Jahrzehnte lang haben Kornels Hände so über ihre Wangen gestrichen, wie aus Versehen. Hingenommen all die Jahre, irgendeinmal nicht mehr Zärtlichkeit erwartet und es hingenommen, denkt Carlatina jetzt.
Die Aura «Rühr mich nicht an» um Kornel lässt sie zwei Schritte zurücktreten. Rühr mich nicht an, sonst springe ich auf, die weissen prall gefüllten Früchte der Nolimetangere-Pflanze, denkt Carlatina. Wenn er nur früher mal aufgesprungen wäre, der Kornel! Sie hätten es leichter gehabt zusammen. Und wenn sie mehr Berührung, mehr Zartes gegeben hätte!
Ein Gedanke, den sie mit sich trägt, schon lange.
Sonnenblumen würden hingehören, einen grossen Strauss. Kornel hat sie so geliebt, die dunklen Gesichtchen mit dem Sonnenkranz rundherum. Carlatina würde die Blumen so hinstellen, dass sie sich dem Licht und Kornels Gesicht zuwenden würden. Beidem eben. Ihm eine Blume in die gefalteten Hände legen, die Hände dafür unsanft öffnen. Ihnen sagen, was sie zu tragen hätten. Kein Darüberstreicheln, ein Zupacken würde das sein.

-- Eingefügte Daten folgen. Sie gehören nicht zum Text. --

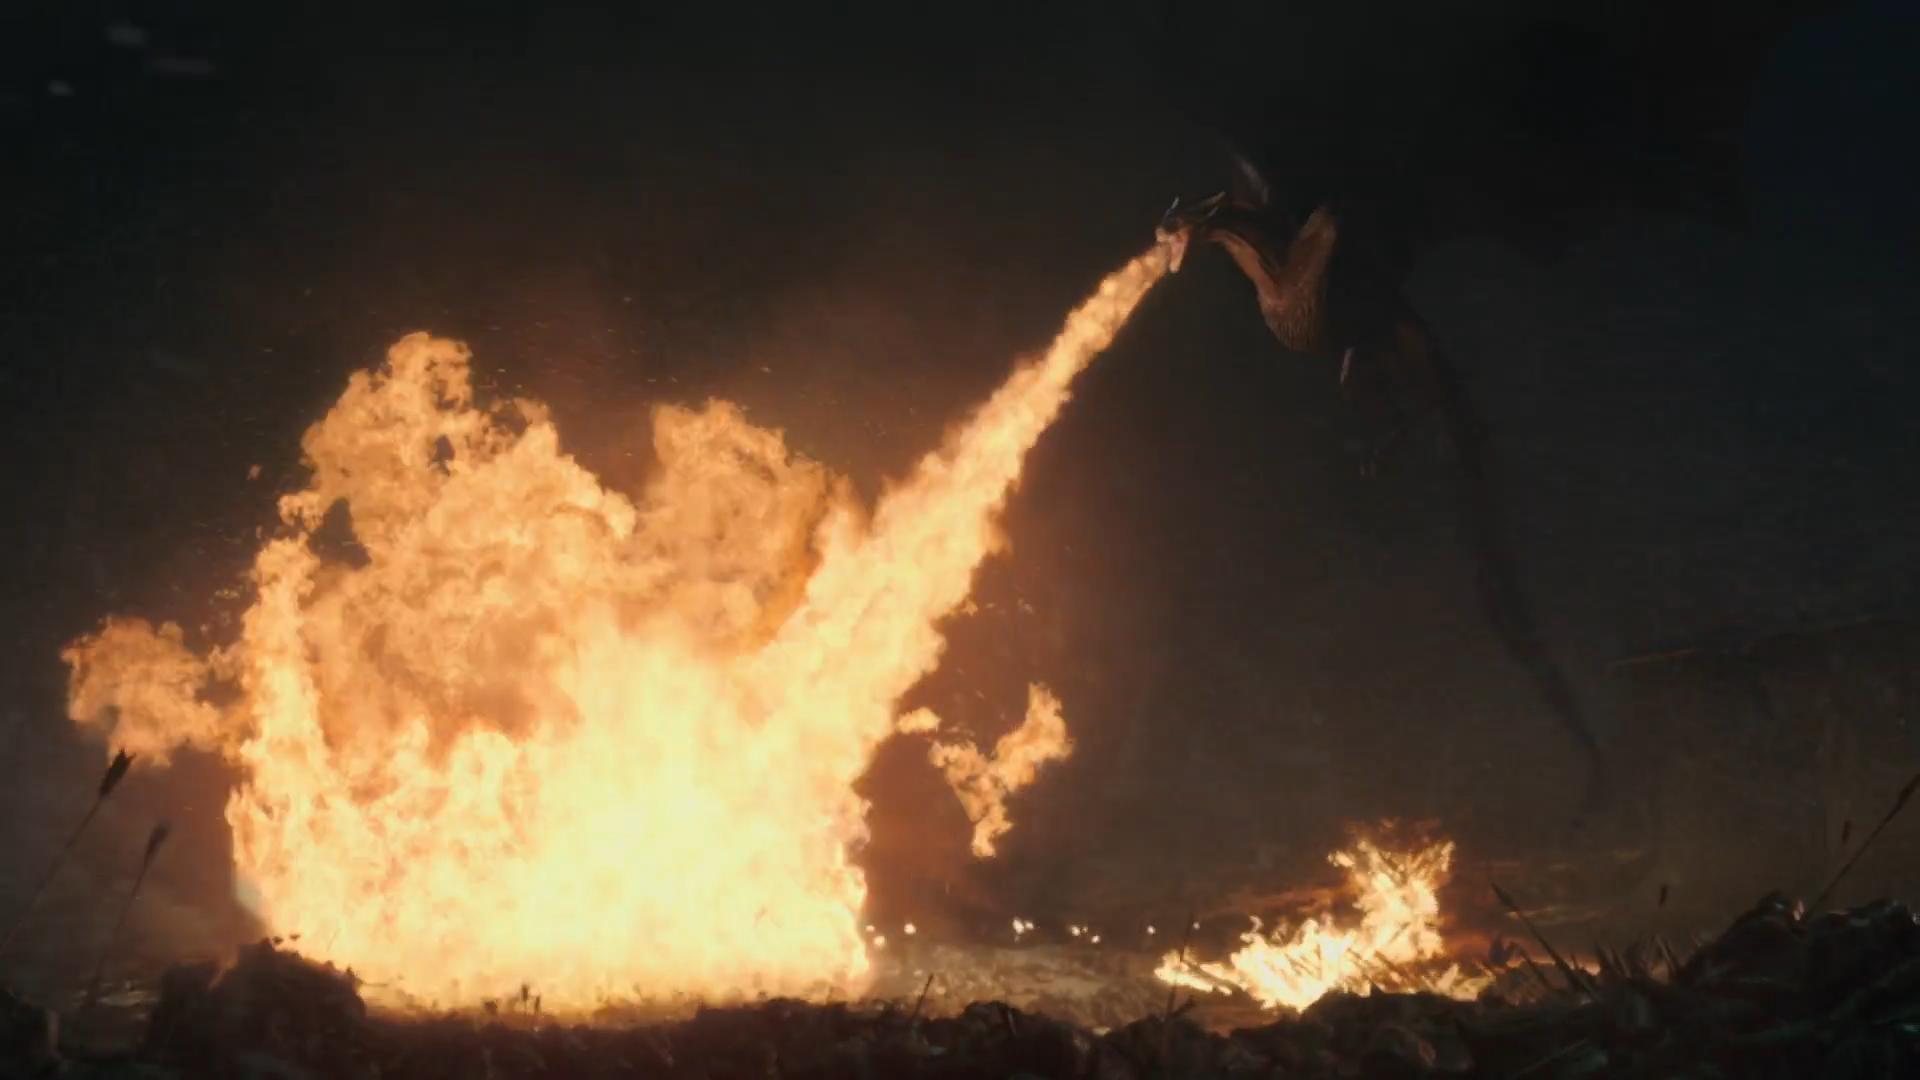 Game of Thrones Drogon Battle of Winterfell

Langsam geht Carlatina rückwärts von Kornel weg. Ende Mai gibt es keine Sonnenblumen, Punkt. Nach diesem langen Winter nur wenig die Flussschleusen öffnen, geht ihr durch den Kopf. Schmelz wasser, viel Schmelzwasser ist zu erwarten, dosiert öffnen, wenn es denn Zeit ist dafür. Den Winter zuerst verabschieden, bevor an Sonnenblumen zu denken ist, denkt sie und ist in der Mitte des Raumes angelangt.
Nicht weinen.
Die rosa, lindgrün und lila getönten Fensterscheiben tauchen den Raum in zartfarbene Kühle. Unnahbar das Licht von draussen, und auch der Duft von feuchtem Stein und Rosenwasser. Es kommt ihr vor, als würde sie unendlich langsam rückwärtsgehen. Morgen würde sie Kornel durch Glas sehen müssen, würde mit der Hand über die Trennscheibe wischen, sein Geschlecht unter dem weissen Leinen oder sein Gesicht verdecken können. Beide Hände zu Hilfe nehmen, ihn einmal von dieser Seite, einmal von der anderen abdecken. Seinen weissen Kopfverband verdecken mit der Hand am Glas, und Kornel würde aussehen, als ob er schlafen würde. Die Hände würden zu klein und die Glasscheibe zu nah dran sein, um ihn ganz zu verdecken. Ein bisschen Kornel würde immer hervorschauen, denkt sie beruhigt. Bruchstückhaft ist ihr Denken geworden, ganz oder wenig verdecken? Die Frage kreist in ihrem Kopf, als sei das jetzt noch wichtig für sie. Ein Schwall Rosenduft streift ihre Nase. Ihre Beine und Arme sind schwer geworden, ihr Gang träge. Nicht so, wenn sie im Wald geht, da scheint sie sich jeweils selbst davonzulaufen, mit federndem Schritt. Hier ist es anders, angepflockt sind ihre schweren Beine und Arme, ihre Gedanken, die beim Hinausgehen nicht mithelfen wollen. Sie hört ihre Gummisohlen auf dem Boden, treten an Ort. Endlich bei der Türe, sieht sie zu Kornel hoch, sieht, dass er auf einfachem Leinen, Natur, gebettet ist, keine Rüschen und Spitzen für ihn, wie auch im Leben nicht, denkt Carlatina.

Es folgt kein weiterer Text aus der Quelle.